Утренняя пробежка стала настоящим кошмаром. Три круга вокруг территории корпуса за десять минут — норматив казался непосильным для истощённых улицей детей. Артём задыхался уже на втором круге, ноги становились ватными, в боку кололо так, что хотелось остановиться и рухнуть на землю. Но останавливаться нельзя было — если хотя бы один кадет не уложился в норматив, весь взвод наказывали дополнительным кругом.

Гришка Кадетский, с которым Тёма дрался неделю назад, оказался одним из самых выносливых в их казарме. После стычки и совместного наказания между ними установилось странное перемирие, переросшее в нечто похожее на товарищество. Когда Артём на третьем круге совсем выдохся и начал отставать, именно Гришка притормозил рядом, схватил его за локоть и потащил за собой:

— Давай, умник, едрить тебя в дышло! Ещё двести метров! Не вздумай остановиться, а то всем влетит!

Тёмка сжал зубы и побежал дальше, цепляясь за поддержку старшего товарища.

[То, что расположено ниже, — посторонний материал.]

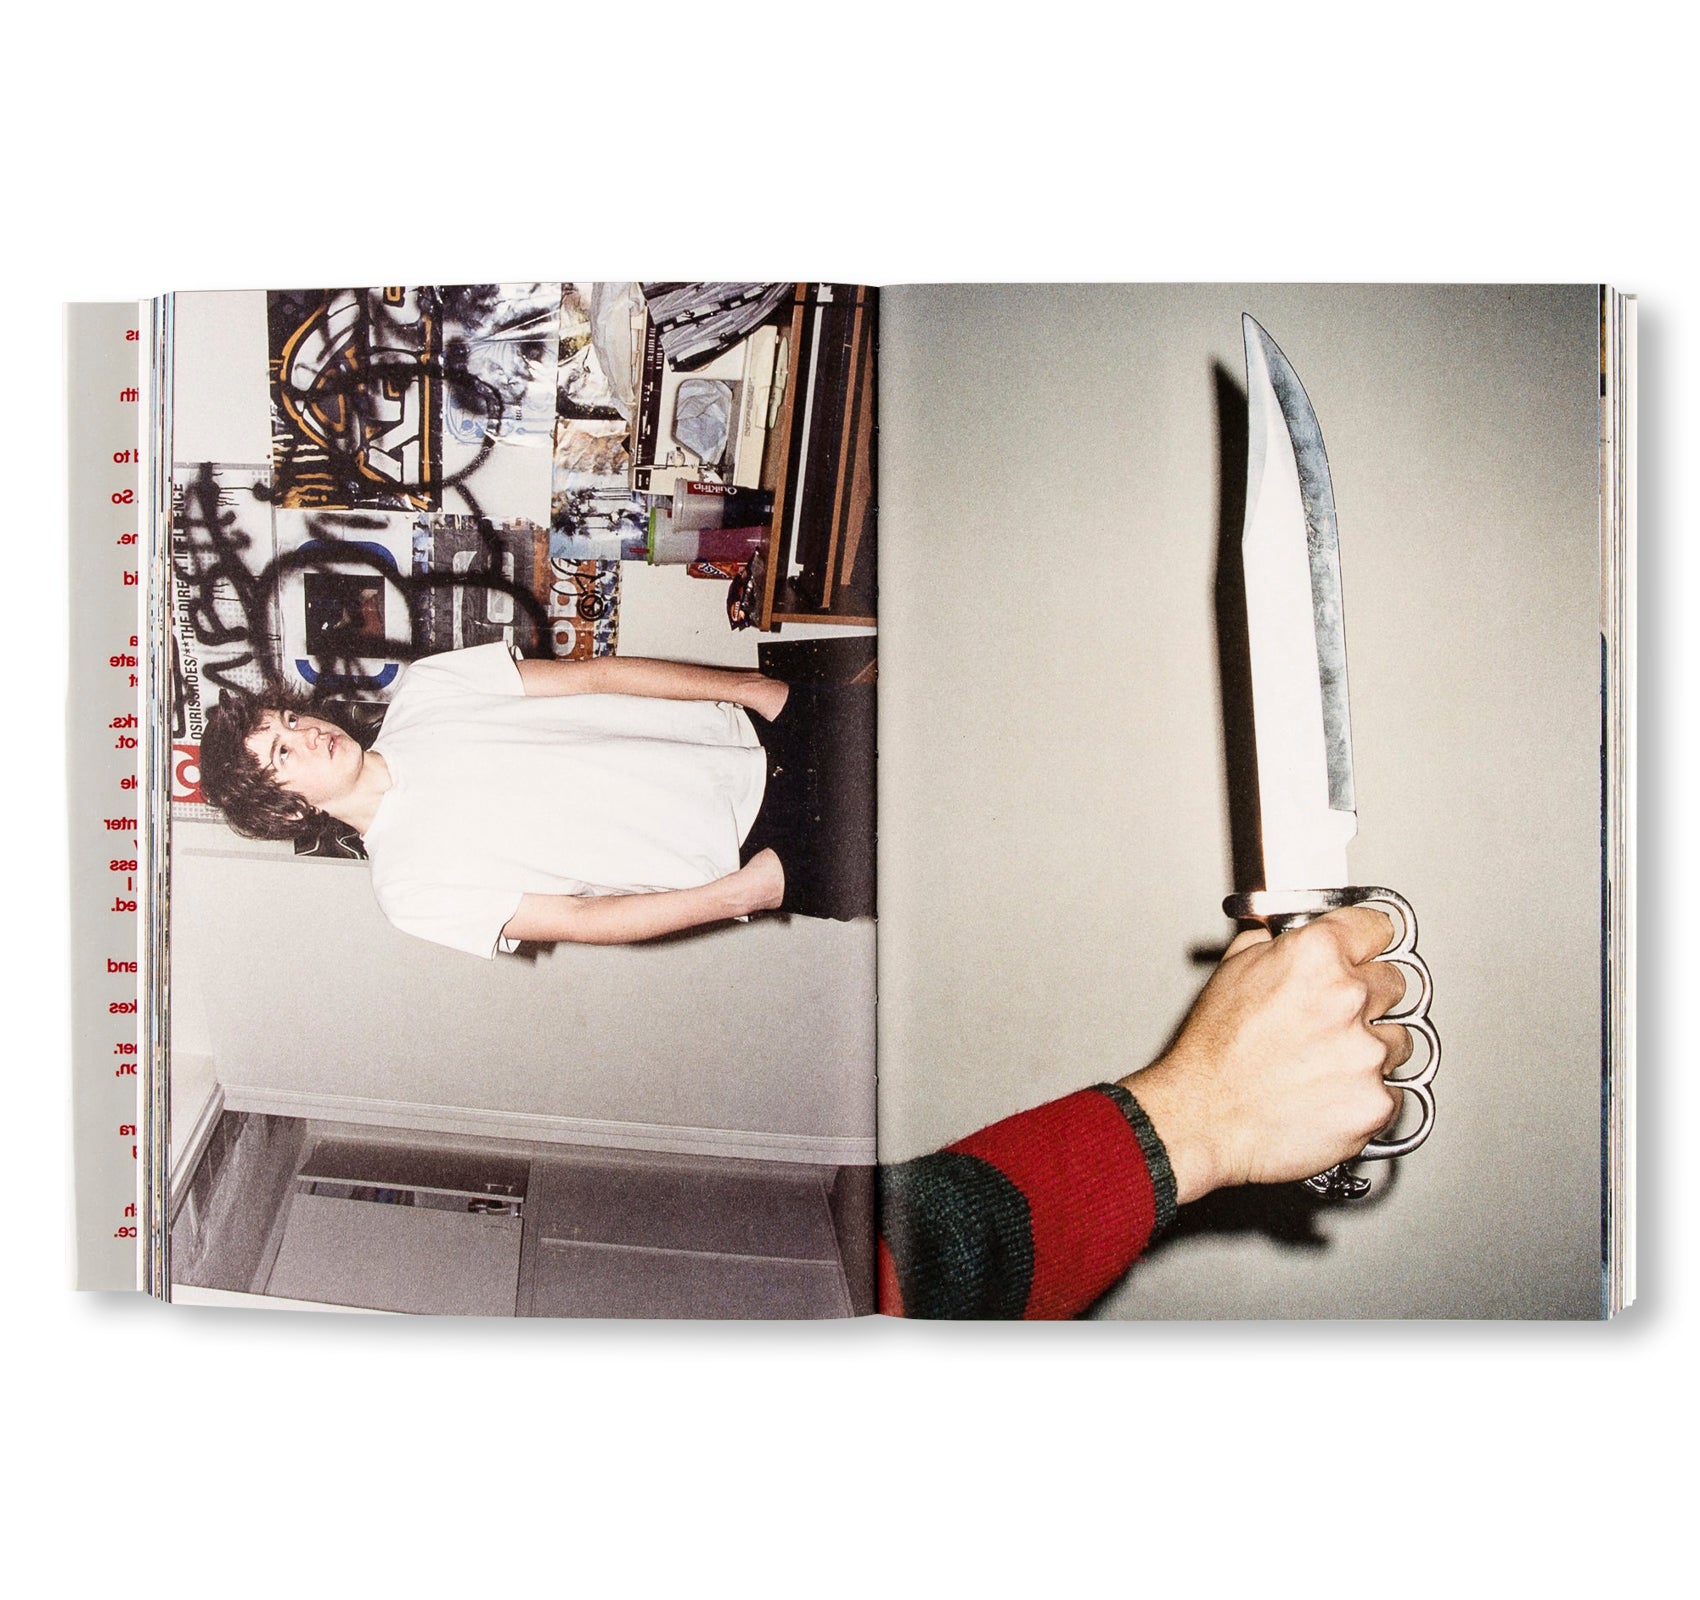 THE LAST SURVIVOR IS THE FIRST SUSPECT by Nick Haymes
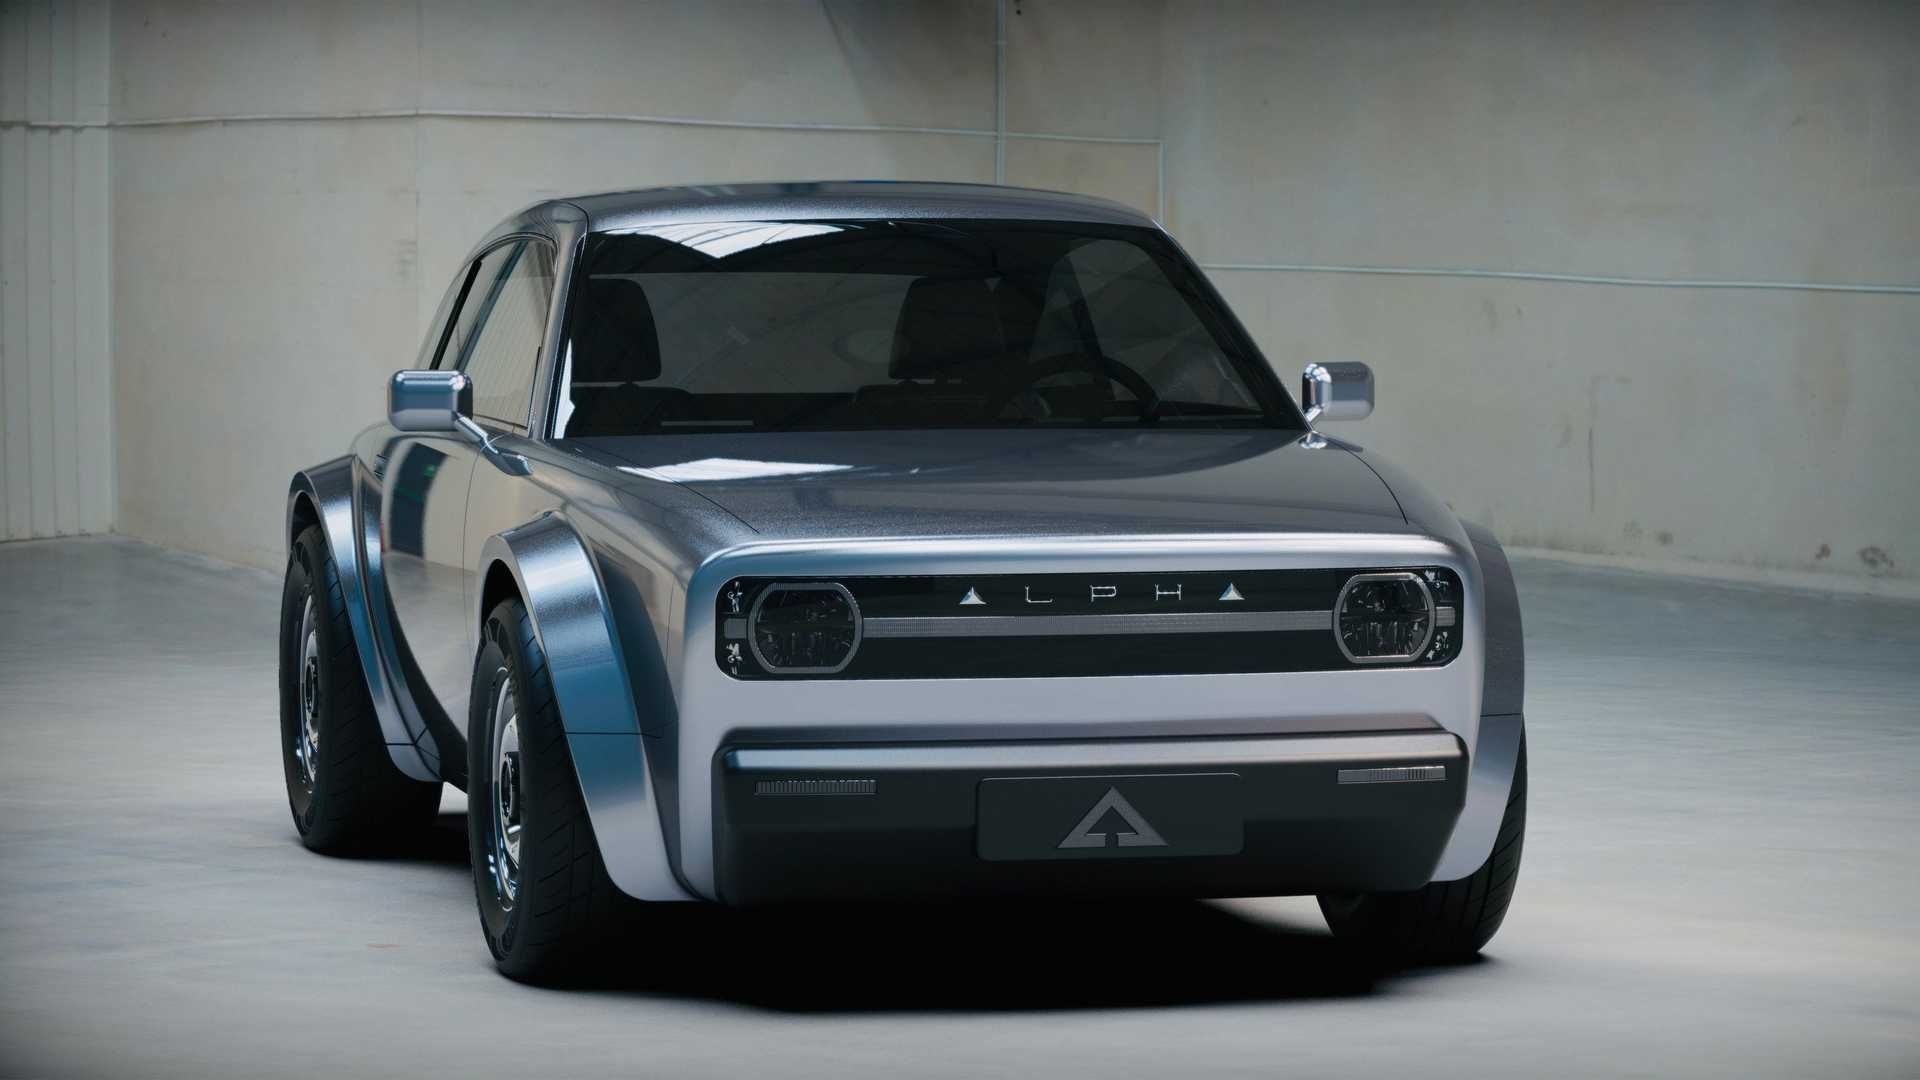 Alpha Ace (Car): Battery vehicle, Unveiled in December 2020, Environment friendly technology. 1920x1080 Full HD Wallpaper.

Они пересекли финишную линию вместе, за две секунды до истечения времени. Мальчик согнулся пополам, хватая ртом воздух, но в груди теплилось странное чувство — он не подвёл взвод.

На следующий день ситуация повторилась с Колькой, восьмилетним худым мальчуганом, который начал отставать на втором круге. Гришка снова притормозил, но на этот раз к нему присоединился Артём — они взяли малыша под руки и буквально дотащили до финиша. Инструктор Фильченко промолчал, но в его глазах мелькнуло одобрение.

Руководство корпуса прекрасно понимало психологию беспризорников и бездомных. Директор Чаадаев и старшие инструкторы с первого дня начали постепенно выстраивать систему, исключающую неуставные отношения и попытки завести тюремные порядки, и вскоре их результаты принесли свои плоды.

Во-первых, они дали новобранцам противника в лице себя — жёсткие, требовательные, безжалостные к слабости офицеры стали той силой, против которой объединились все мальчишки. Ничто так не сплачивает, как общий враг. Во-вторых, когда дети немного отъелись и окрепли после первых двух недель, нагрузки резко увеличили — тренировки стали длиннее, нормативы жёстче, требования выше.

Энергии на конфликты, выяснение отношений и тюремные игры в «кто тут главный» просто не оставалось. Те, у кого всё-таки находились силы на драки и разборки, получали в наказание дополнительные тренировки — и очень быстро переставали чувствовать себя героями.

Так постепенно налаживалась взаимопомощь. Кто-то был силён в беге, но слаб в подтягиваниях — его страховали на турнике, не давая сорваться. Кто-то плохо понимал грамоту — ему объясняли после занятий. Система круговой поруки работала жёстко: если один проваливал задание, страдали все. Это заставляло тянуть друг друга, помогать слабым, прикрывать оплошности товарищей.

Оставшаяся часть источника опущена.